Currently, I use 2 emails, (Personal + Company) with one SSH key to log in to GitHub. But I use the same GPG key for signing. Both are verified on my GitHub Email Settings page.
On the first one (personal), no issue, when I do a commit it appears as Verified. On the second one (company), the commits appear as Unverified in GitHub with the following warning message:
The email in this signature doesn’t match the committer email.
$ gpg --list-secret-keys --keyid-format LONG
...
sec rsa4096/MY_GPG_KEY_ID 2020-05-19 [SC] [expires: 2022-05-19]
...
uid [ultimate] Furkan (Company key) <[email protected]>
uid [ultimate] Furkan <[email protected]>
In the repository:
$ git log --show-signature
...
gpg: Good signature from "Furkan (Company key) <[email protected]>" [ultimate]
gpg: aka "Furkan <[email protected]>" [ultimate]

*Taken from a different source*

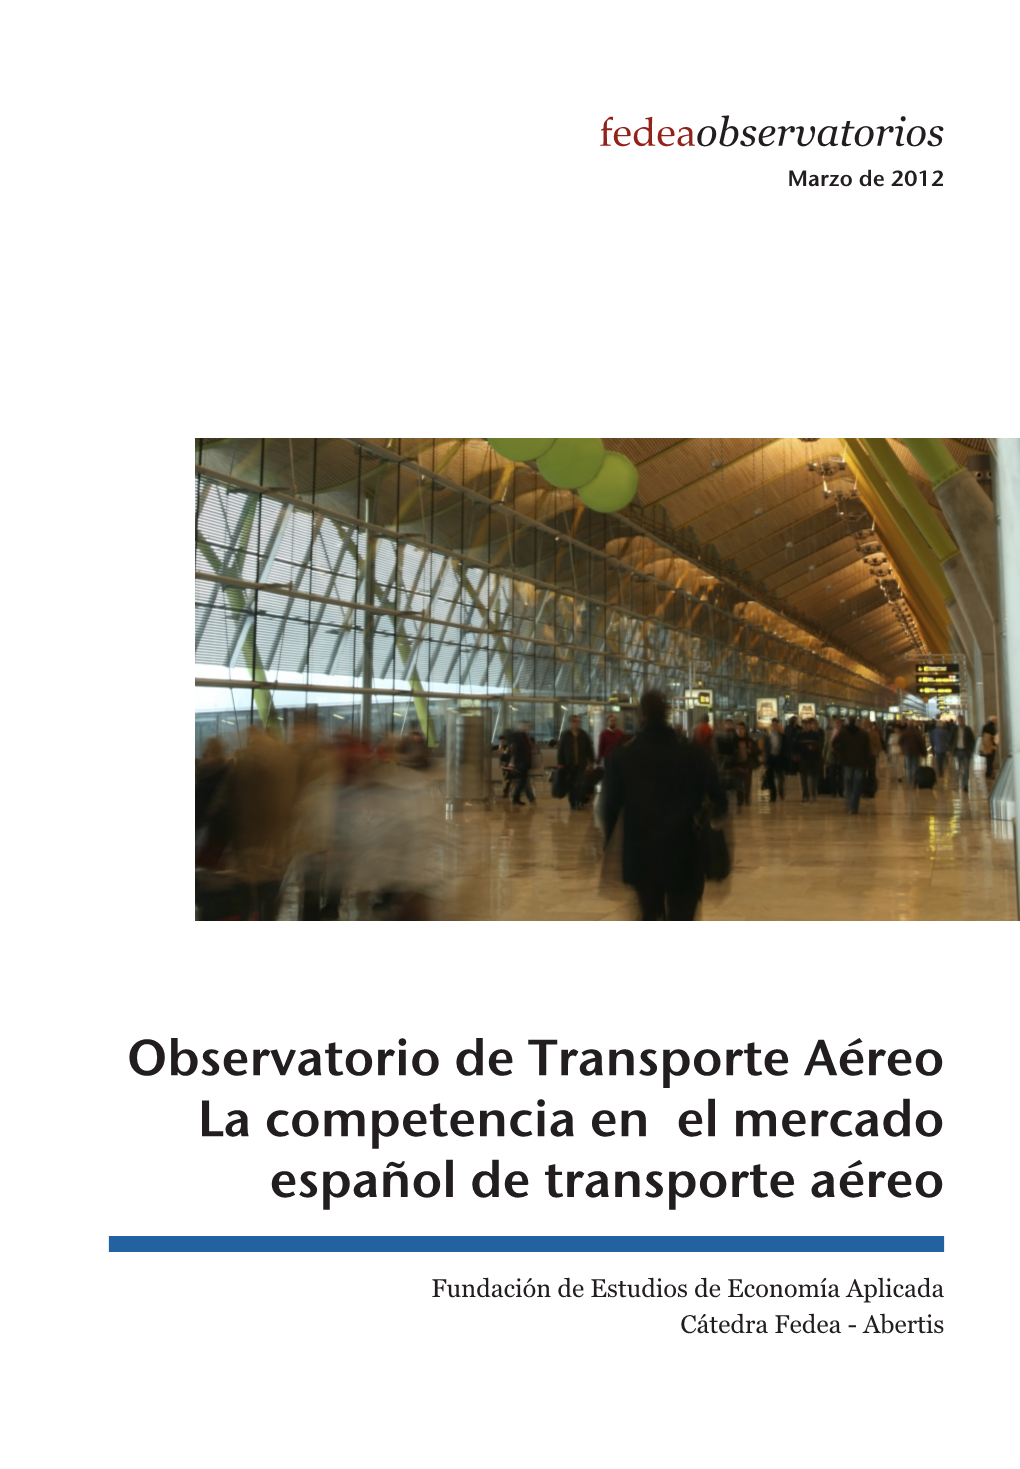 La Competencia En El Mercado Español De Transporte Aéreo

Author: MyGitHubNickname <[email protected]>
...
Local config settings:
$ git config --local --list
...
user.name=Furkan
[email protected]
Global config settings:
$ git config --global --list
...
user.name=MyGitHubNickname
[email protected]
user.signingkey=MY_40_CHARACTER_SIGNING_KEY
But did not work:
$ git commit -S --amend --reset-author
$ git push --force
I see MY_GPG_KEY_ID key at the bottom of this popup, exactly the same.
I followed Troubleshooting commit signature verification and Using a verified email address in your GPG key guides as described in GitHub Docs, but still did not fix the problem.
Everything you did so far is correct; you're just missing the final step which is to update GitHub's copy of your public key.
You need to regenerate your public key (
gpg --armor --export KEY_ID
), then, in your GitHub user settings > "SSH and GPG keys", you need to delete the original key and upload the regenerated public key.This is what it should end up looking like. Commits signed with any of the listed addresses will now show as Verified.